I consider Qiskit to be a powerful software development kit for quantum computing, and look forward to any new functionality from you, so please do not consider my report as criticism. Perhaps the code can be looked at in more detail

Thank you very much

jakelishman commented 3 months ago

A discrete algorithm will have a discrete cutoff at which a higher depth approximation will suddenly become slightly better. At such low depths, the critical region around $\pi/4$ (which has a very low-depth best decompoisition) will be relatively large. This seems entirely in line with the intuitive understanding of the mathematics. You should find the same thing around other special angles, like $0$, $\pi/2$ and so on.

If there's an actual problem in the decomposition and there's a better appromxation at the given depth of the SK algorithm that we should be finding (I haven't written out the maths by hand myself, so if you can prove that, then sure), then that would be a bug, but a discontinuity in the output of a discrete approximation algorithm is to be expected in general.
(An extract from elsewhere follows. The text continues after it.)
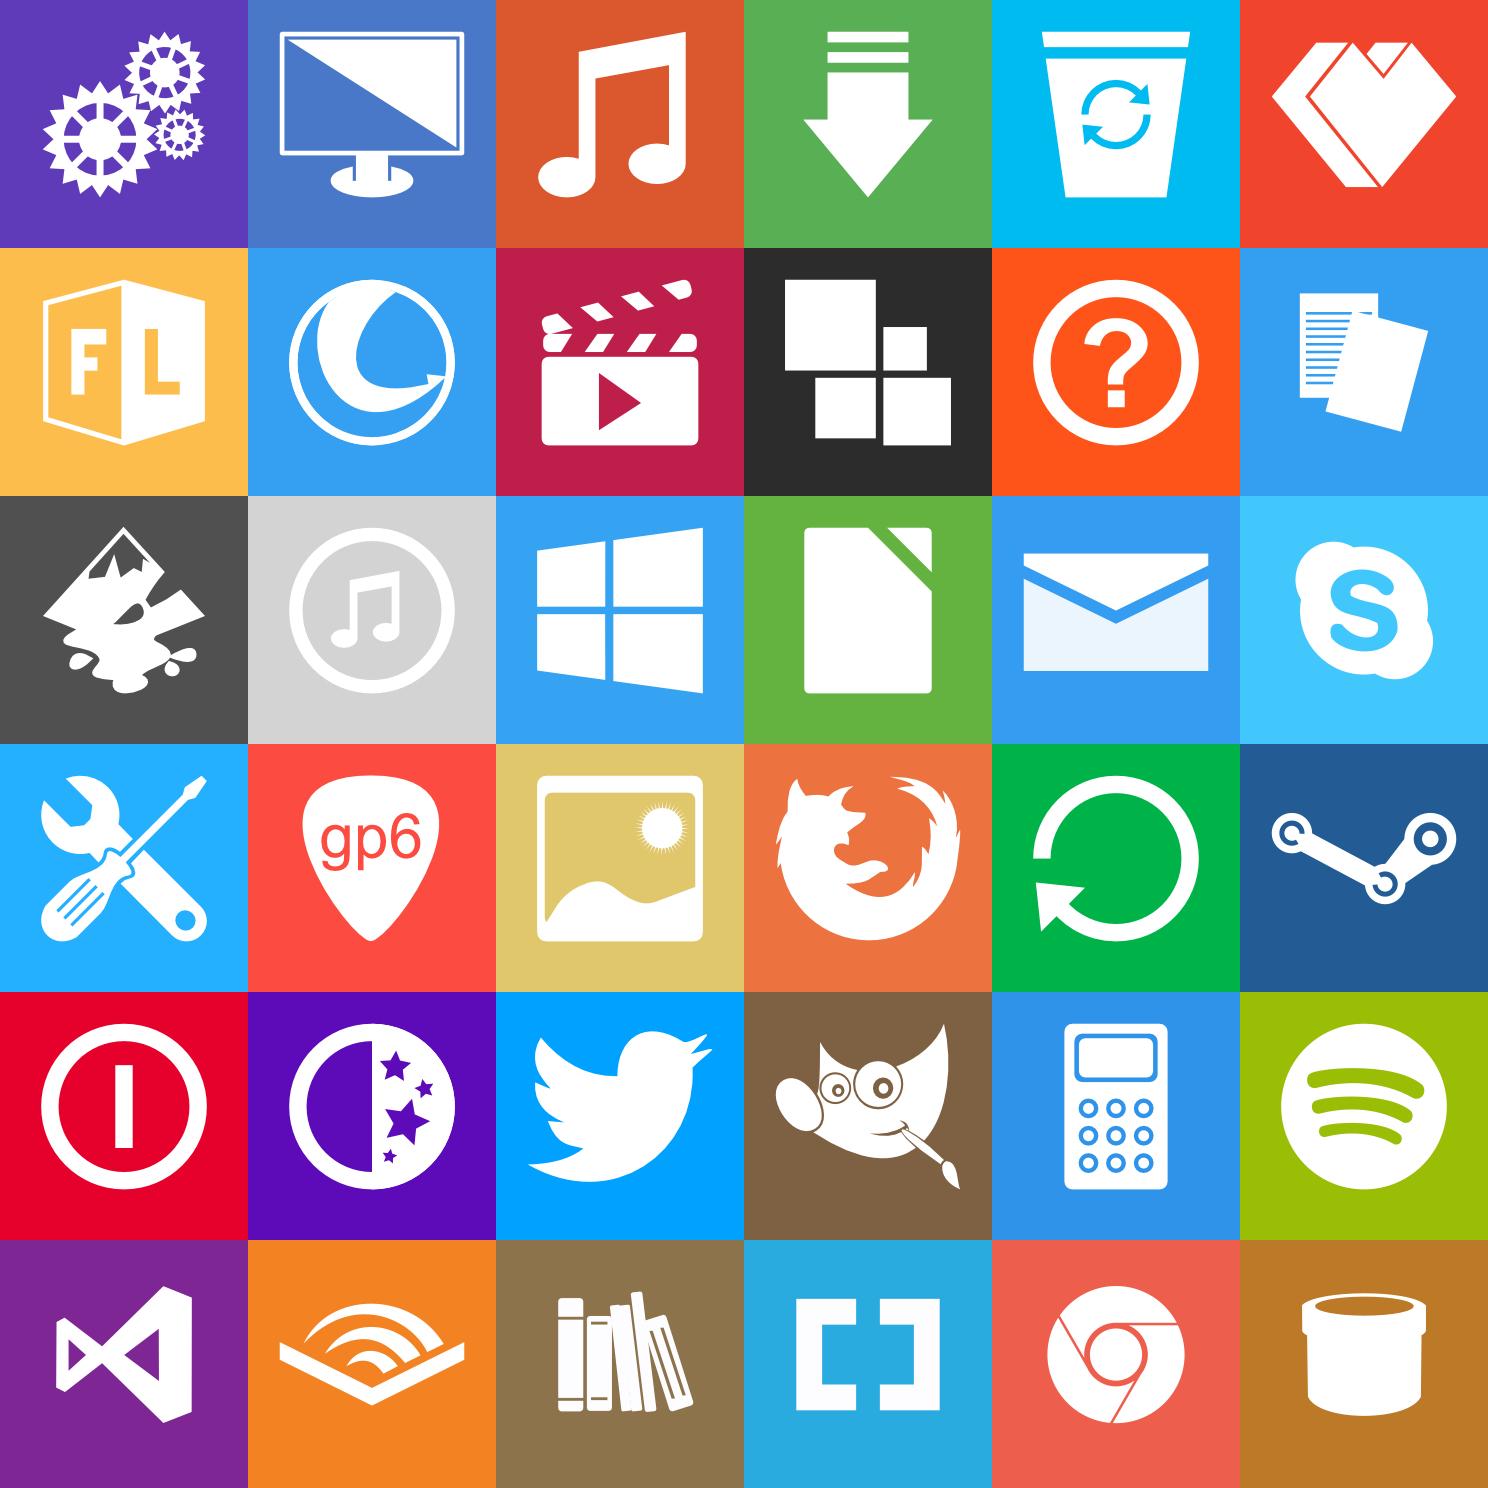 Custom Windows 8 Metro Icons Gallery Diagram Writing Sample Ideas And Guide
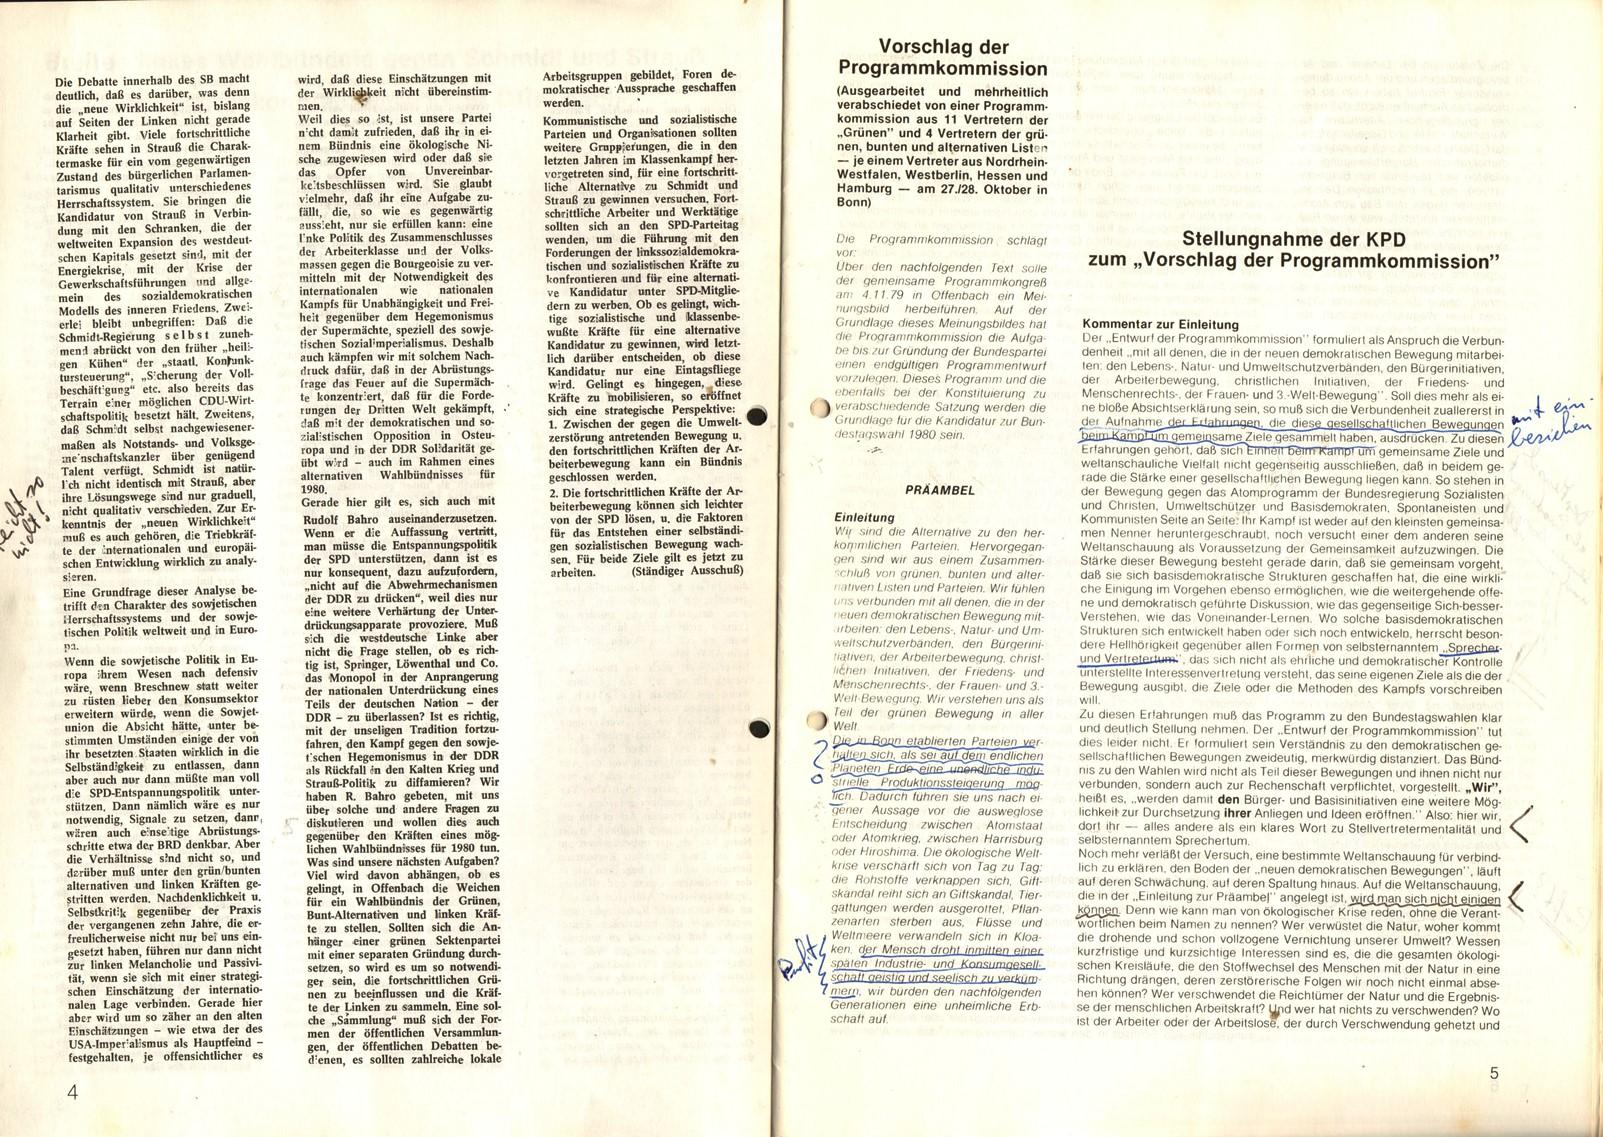 KPDAO_1979_Diskussion_Bundestagswahlen_1980_03

Cryoris commented 3 months ago

It seems that indeed the second, long approximation found for Rx(0.813) has a lower error for Rx(0.8129) than what the algorithm outputs:

Error for Rx(0.8129) w/ decomposition of Rx(0.8129): 2.828360272392952
Error for Rx(0.8129) w/ decomposition of Rx(0.83): 2.8282497533341915

I'm not quite sure if that's something that can happen in the algorithm generally or if that's an artifact due to roundoff errors in the recursion step (where we do quite some matrix operations). It would be interesting to dive deeper into what matrices are computed in the recursion steps and what basic approximations are finally chosen, but I do agree with @jakelishman that with a discrete decomposition I'm expecting a particular point where the result suddenly changes.

Edit: it looks like in the final recursion step a different basic approximation is found, i vs tdg. The former allows to cancel a lot of gates, leading to the short sequence, which is not possible for the latter. We could discuss inserting debug statements into the algorithm if that would help clarify things for the users.